2) Multifamily refinancing wave remains a headwind
REBusinessOnline outlines a heavy wave of multifamily loan maturities concentrated in 2026, a legacy of low-rate financing secured during 2020-2021. With elevated interest rates, some owners will face difficult refinance choices that could drive sales or distressed dispositions.
This is the picture you can't ignore, because refinancing outcomes will affect transaction volumes, cap rates and REIT balance sheets as you evaluate risk across the sector.
3) Active deal flow across CRE subsectors
Transaction and leasing activity continued: a $5 million Clovis 7-Eleven sale completed through a 1031 exchange, a landlord secured a 163,336-square-foot industrial lease in Ontario, and Elliott Management bought a Miami-area hotel for about $110 million. Colliers handled a $7.1 million sale of a school facility repurposed for special-needs education.
These deals suggest selective confidence by private and institutional buyers, particularly in necessity-based retail, industrial logistics, and mission-driven property reuse.
What to Watch
Focus on near-term catalysts that can shift the narrative for the sector. You should keep an eye on refinancing activity and policy moves.
- Multifamily loan maturities: Track lender behavior and the pace of refinances versus workouts.
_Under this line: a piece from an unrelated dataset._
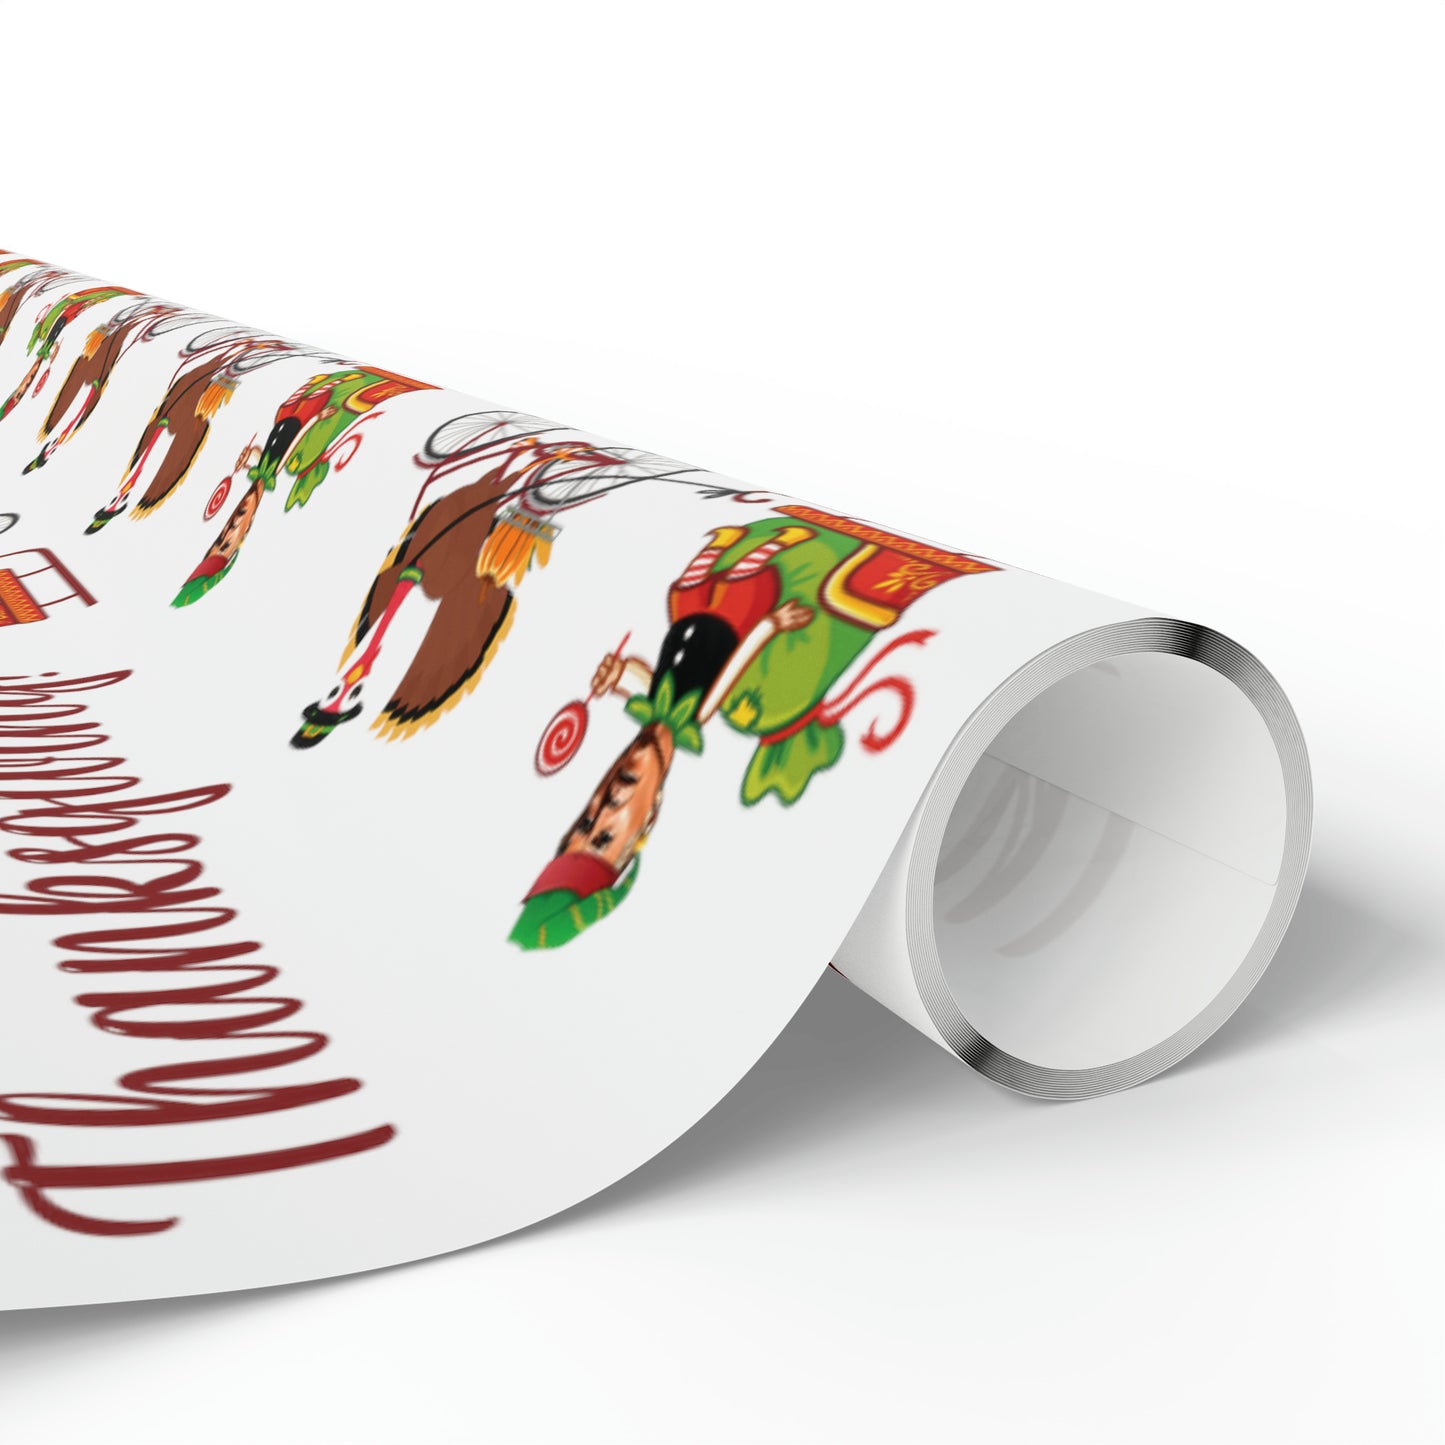 Hilarious Biden Confused Christmas Wrapping Paper for Gifts Biden Merry 4th of Thanksgiving

How aggressively will lenders modify terms, and will capital preserve ownership or push sales?
- Mortgage rates and affordability: Continued movement in the 10-year Treasury or Fed commentary will influence mortgage pricing and buyer demand.
- HUD and municipal policy: The HUD proposal to permit multi-story manufactured homes without a permanent chassis could lower construction costs by $5,000 to $10,000 per unit and expand supply. At the same time, federal actions such as the suspension of HUD funding for a Los Angeles homeless services agency create policy risk for local housing programs.
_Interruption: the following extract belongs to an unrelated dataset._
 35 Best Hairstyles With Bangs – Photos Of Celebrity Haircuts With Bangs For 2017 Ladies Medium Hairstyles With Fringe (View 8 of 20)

- Transaction activity: Watch for further opportunistic purchases and corporate leases, especially in industrial, grocery-adjacent retail, and adaptive reuse sectors.
Bottom Line
- Housing momentum is real, as pending sales rose year over year while inventory has tightened, supporting price resilience in many markets.
- Commercial deal flow remains active in targeted niches, including necessity retail, industrial, education reuse, and hospitality acquisitions.
- At the same time, a heavy multifamily loan maturity wall and elevated interest rates are significant headwinds that could trigger sales or loan restructures.
- Policy shifts, notably HUD’s manufactured-home proposal and federal scrutiny of local homeless agencies, will shape affordability and public funding dynamics.
- Take a selective approach when assessing exposure, and monitor refinancing outcomes and local supply trends closely.
FAQ Section
Q: How much did pending home sales change year over year? A: Pending sales rose to 75,856 in 2026 from 72,039 in 2025, according to HousingWire.
Q: What portion of multifamily mortgages mature in 2026? A: The Mortgage Bankers Association estimates about 13% of multifamily mortgages will mature in 2026, creating refinancing pressure for owners.
Q: Could HUD's proposed manufactured-home rule affect housing supply? A: Yes, allowing upper sections without a permanent chassis could reduce costs by roughly $5,000 to $10,000 per unit and may expand options for multi-story manufactured housing.